(WORK TO BE COMPLETED) From the line with "Apple iPhone 14" to the end of the data below, restate each line word for word, both ends included, without the pictures.

(EXERCISE DATA)
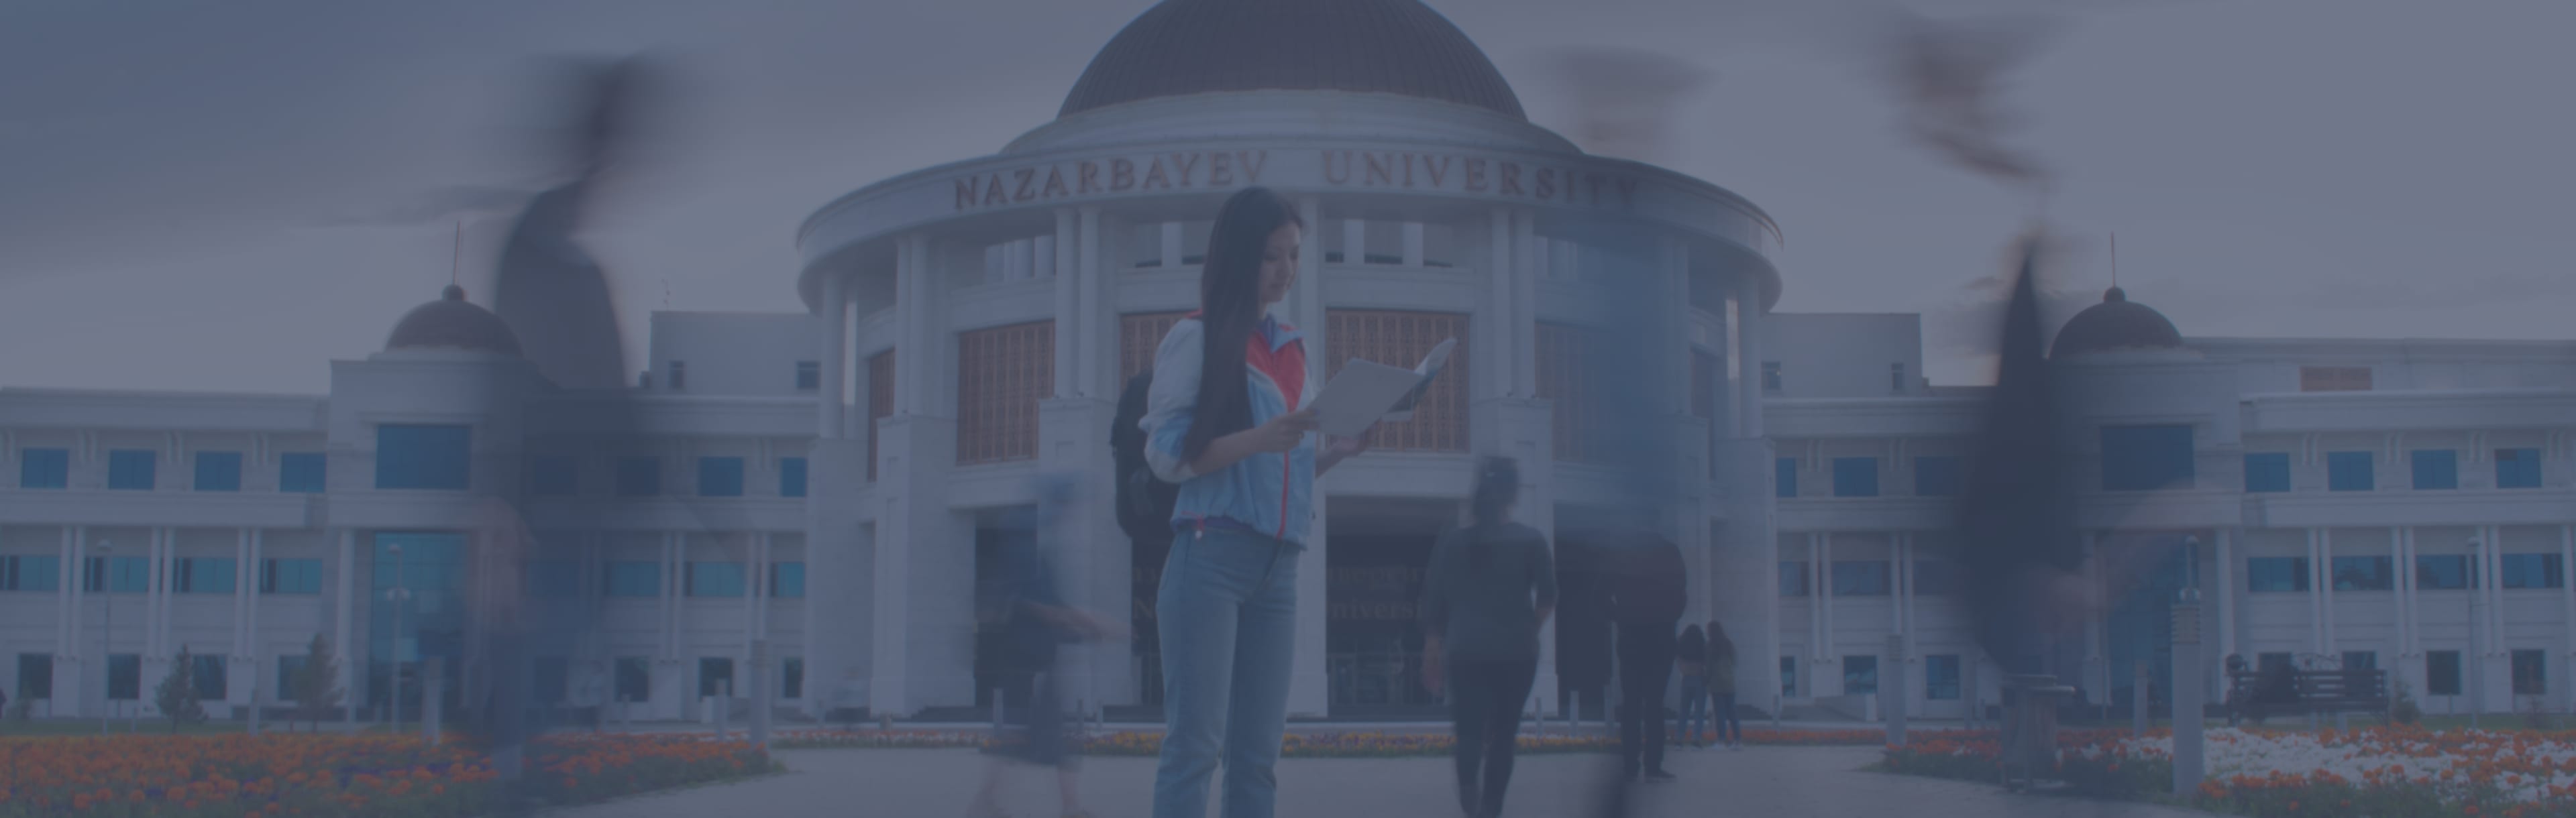 Nazarbayev University دکتری شیمی
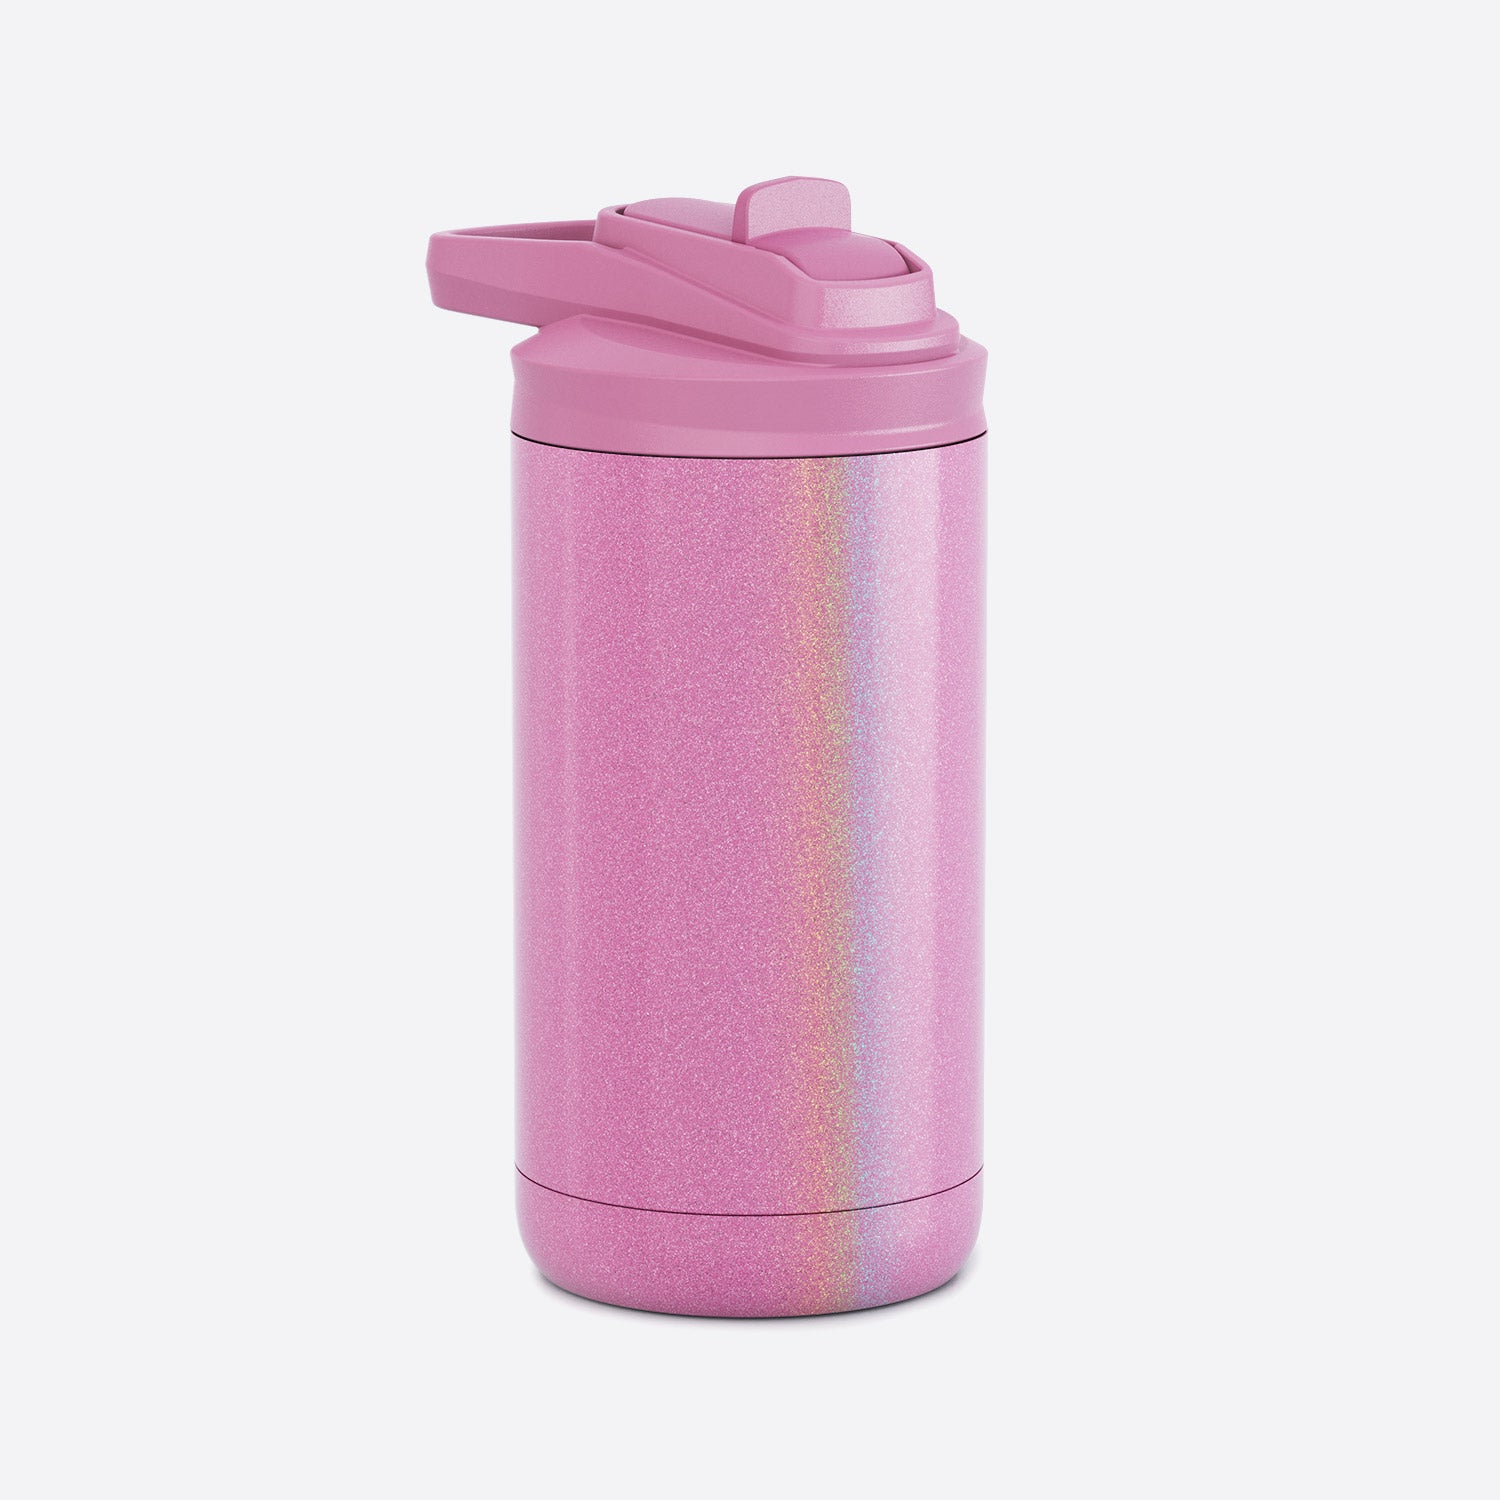 https://maarsdrinkware.com/cdn/shop/products/maars-maker-kids-12-ounce-tumbler-magic-glitter-pink.jpg?v=1679079099&width=1946
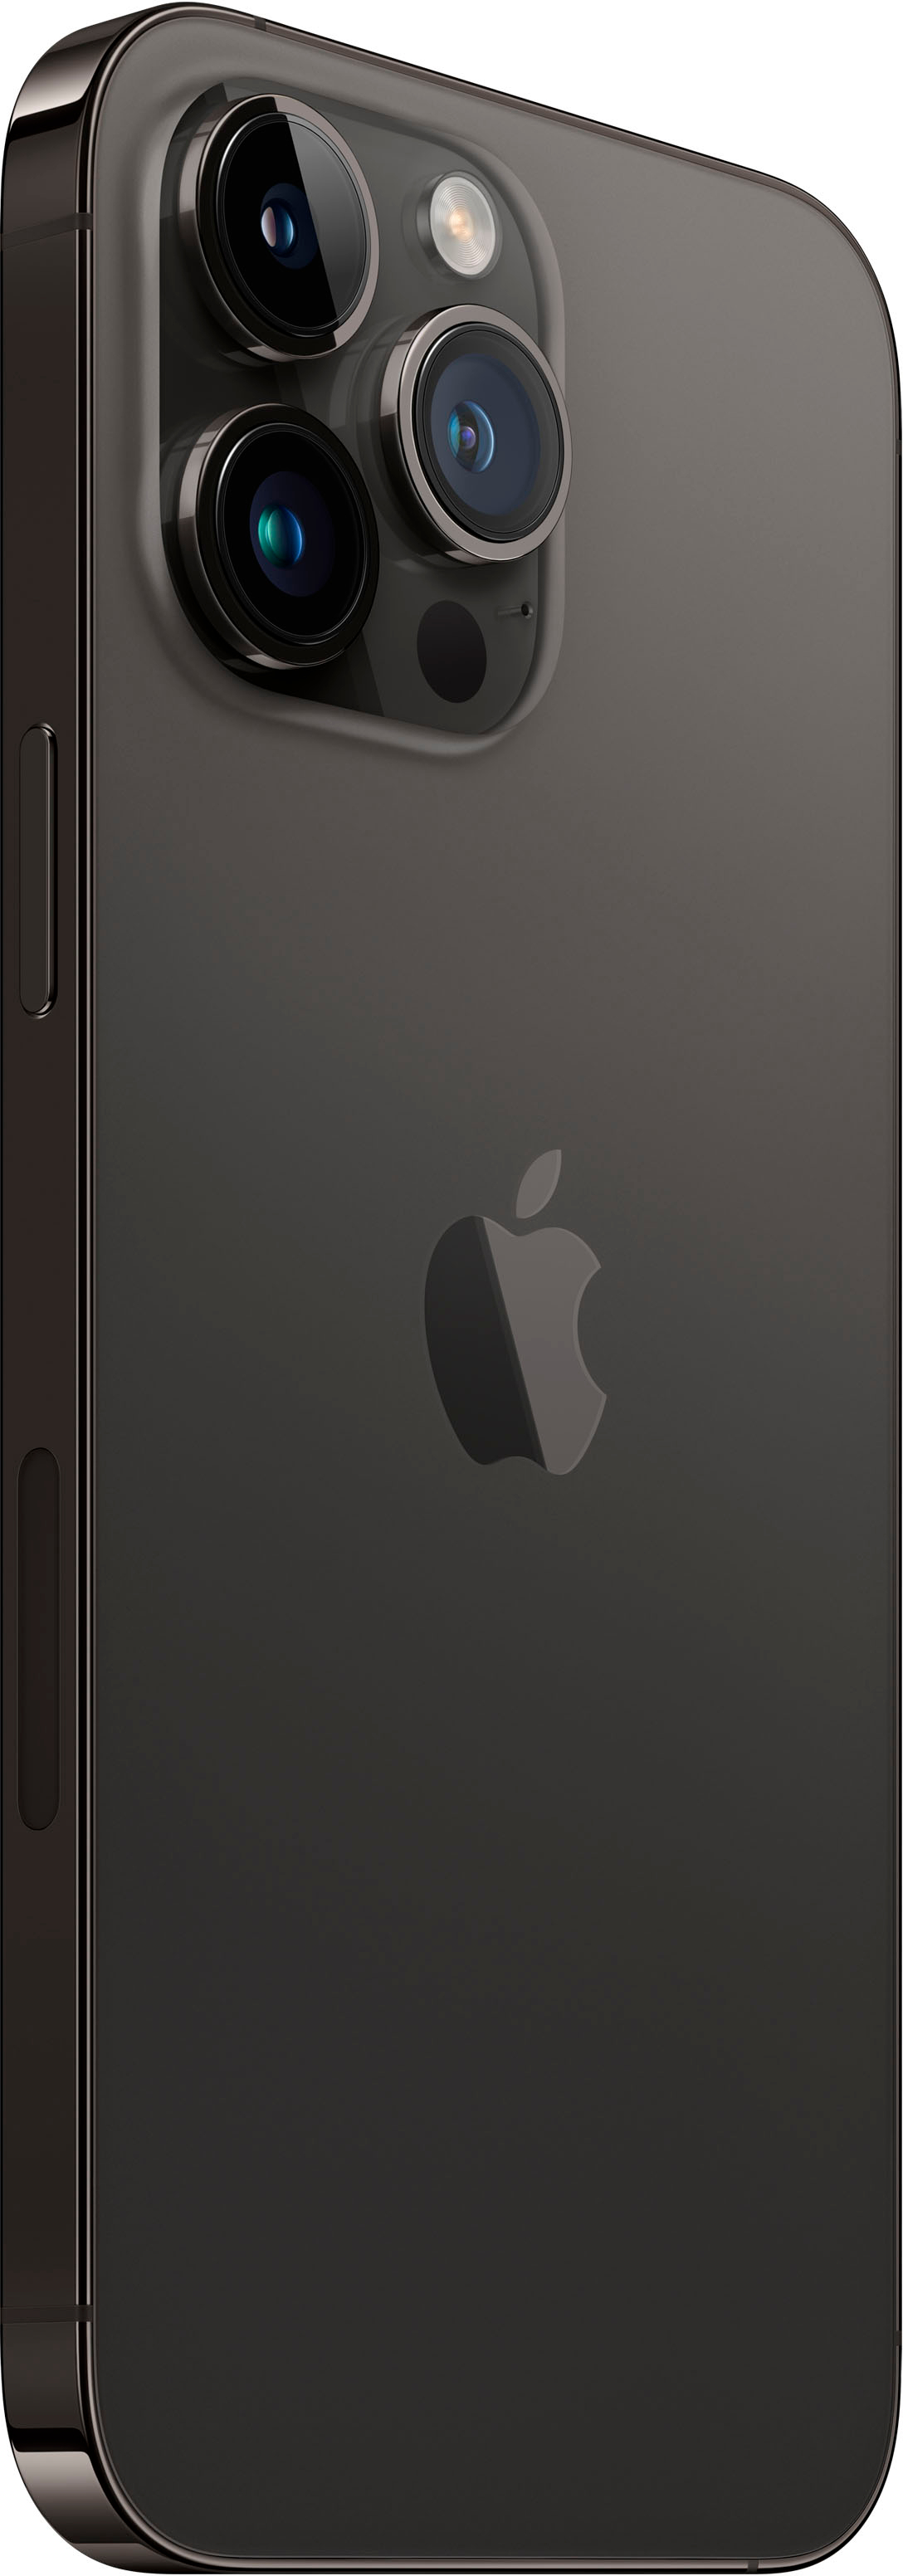 Apple iPhone 14 Pro Max 256GB Space Black (Verizon) MQ8T3LL/A 
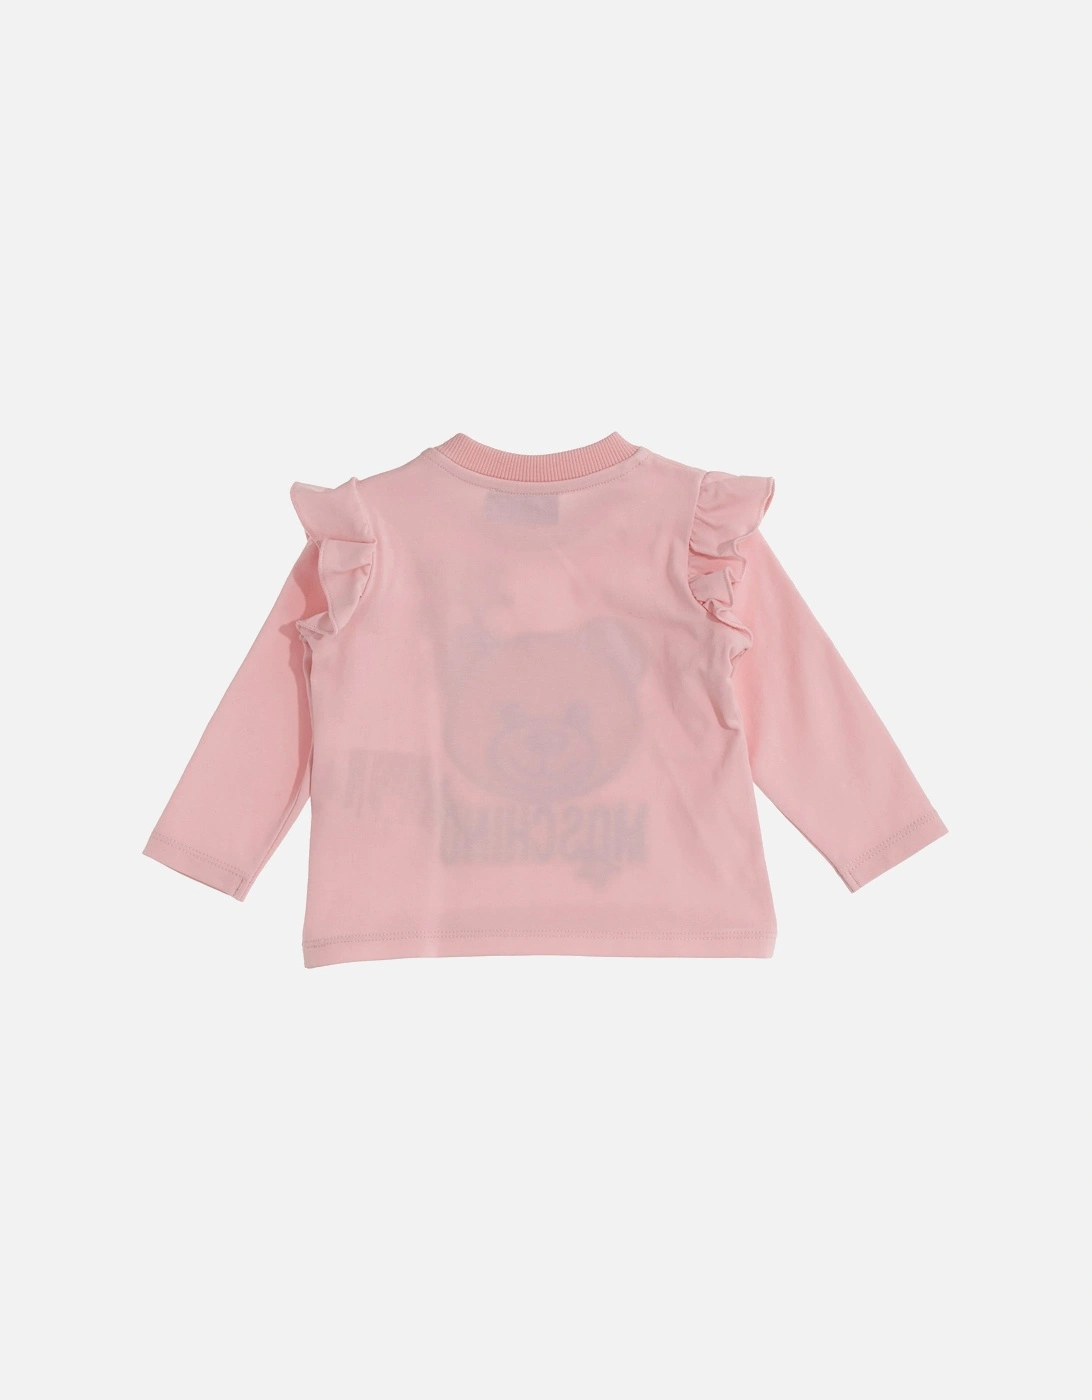 Infants L/S T-shirt (Pink)

(SOLVED PROBLEM)
 Apple iPhone 14 Pro Max 256GB Space Black (Verizon) MQ8T3LL/A 
 Infants L/S T-shirt (Pink)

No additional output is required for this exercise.